School day or snow day? Durham, Halton and Niagara school boards waiting to decide


Published January 17, 2022 at 11:29 pm

Schoolchildren and parents went to bed on Monday night without knowing if they’ll have their first in-person school day of the calendar year.

Due to the volume of snow that fell across Southern Ontario, school boards for the Durham, Halton and Niagara regions are not sure if the buses will be running tomorrow morning (Jan. 18). Several have not made a definitive decision about whether to have in-person learning, or switch to remote learning. Children have been doing the latter since Jan. 5, when they came back from a holiday break break that was slightly extended by the Omicron-fed fifth wave of the COVID-19 pandemic. Monday was to have been their first day in class since Dec. 17, exactly one month earlier.

Here is the latest information from all three regions’ major school boards.

Durham Region

The area’s Catholic board advises that school buses may be cancelled. Parents can check Durham Student Transportion Services to see if their bus is running. There was no further indication about contingency plans for students who are stranded.

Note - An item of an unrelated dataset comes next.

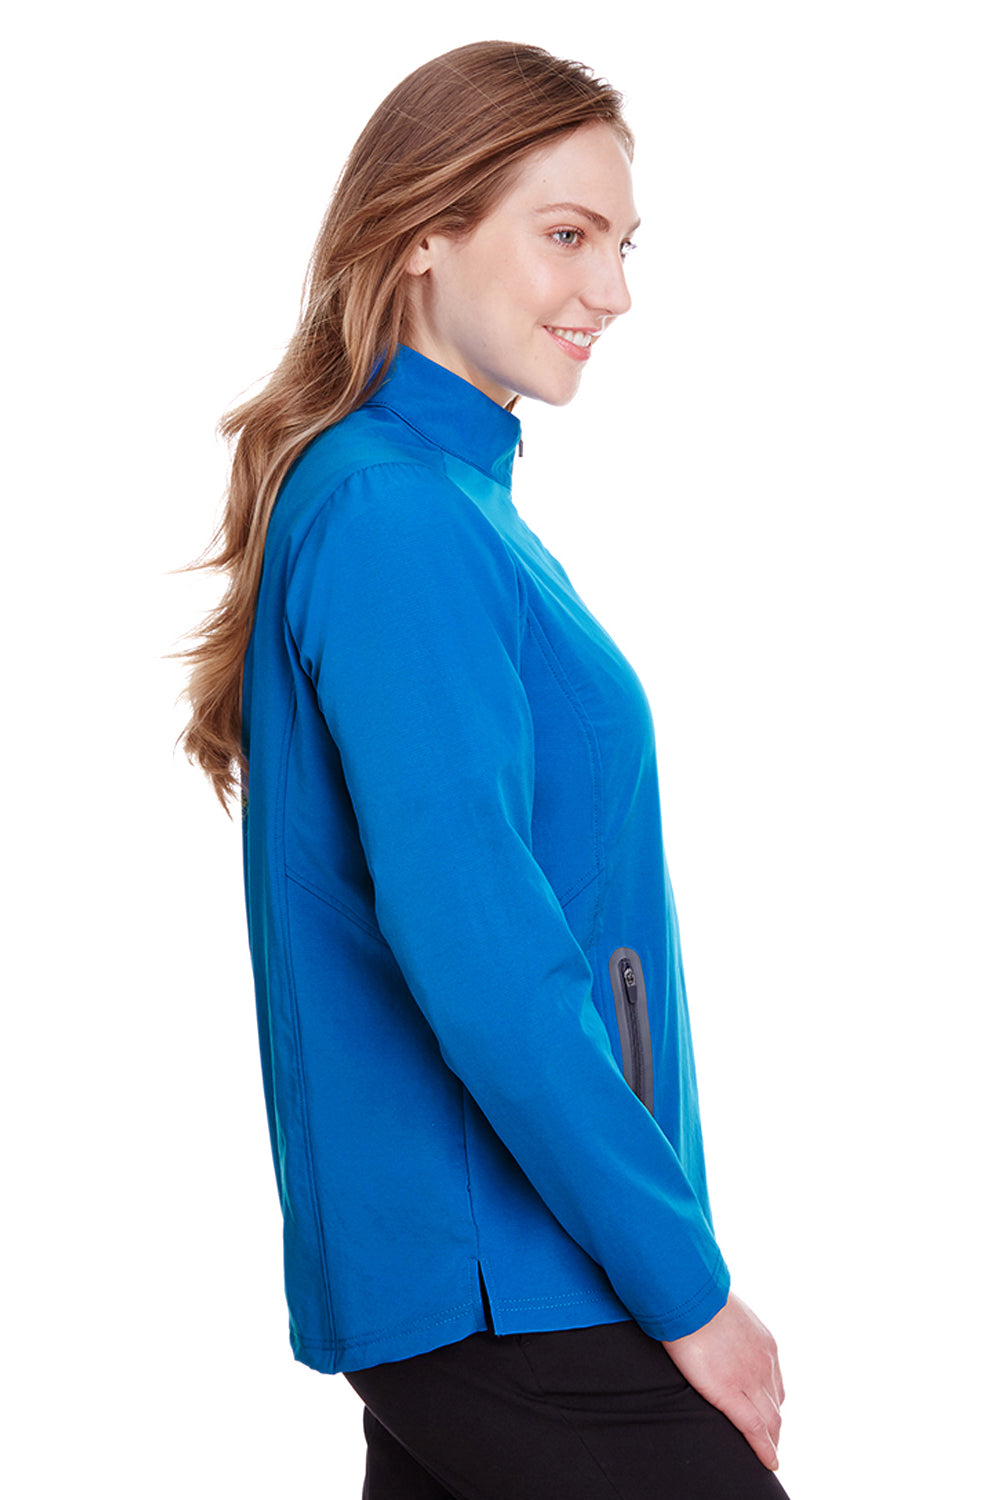 North End NE401W Womens Quest Performance Moisture Wicking 1/4 Zip Sweatshirt Olympic Blue/Carbon Grey Side

The Durham District public board (DDSB) said it was “monitoring potential snow impacts on school (and) bus operations.” It said it would announce early Tuesday whether it was closing schools, or shifting students to remote learning.

“Should any decision be made to close in-person schools or shift to other modes of learning, we will post on DDSB social media & websites,” the DDSB stated.

Halton Region

It appears there will be some school cancellations down along the northwest shore of Lake Ontario. Both the Catholic and public board in Halton Region, which comprises Burlington, Oakville, Milton and Halton Hills, encouraged parents to review reminders regarding potential closures or bus cancellations and delays.

Halton District School Board did not publicly announce any cancellations, but there were reports in Toronto-based media that it is cancelling all instruction, including virtual. A Twitter user, responding to the Halton Catholic board’s account, also said they had already received notification of bus cancellations across transportation zones 1, 2, 3.

Up-to-date information may be found at

Niagara Region

The area that includes Niagara Falls, St. Catharines and Welland received up to 50 cm of snow in some areas. Both boards sent a message that amounted to, ‘if you don’t hear from us, come to school.’

Niagara’s public board held out hope for in-person learning, saying announcements on bus cancellations would come out before 6 a.m.

“If we don’t post anything, you can go to school in-person!” the District School Board of Niagara account posted on Twitter.

The Niagara Catholic school board said it would leave the decision to the morning, which is how boards treated potential snow days during the pre-COVID before times. Parents and caregivers of students would be told of a closure through email or text message.

“We’ll make a game-day decision, so be up early to get the news,” they wrote. “NEW – no phone call if the system is closed, just text or email, as well as on our website and socials. Sleep tight!”

Elsewhere in Southern Ontario, both the Catholic and public boards in Mississauga, Brampton and Peel Region are opting for remote learning on Tuesday. The two major Hamilton boards have cautioned about bus cancellations or delays, but plan to be open.

The Toronto District School Board also announced a cancellation for the second successive day.

During the COVID-19 pandemic, Ontario schoolchildren have lost more days of in-person learning than their counterparts in every other part of Canada and the United States.

School boards prioritized keeping classrooms open this fall, at the outset of a third consecutive COVID-affected school year. After classes wrapped on Dec. 17 for the holiday break and Omicron cases and hospitalizations began to rise, there was no word on in-person schooling until Dec. 31.

It took a second announcement from Premier Doug Ford on Jan. 3 to disclose that remote learning would be in place until Jan. 17. As noted, the winter storm thwarted those plans.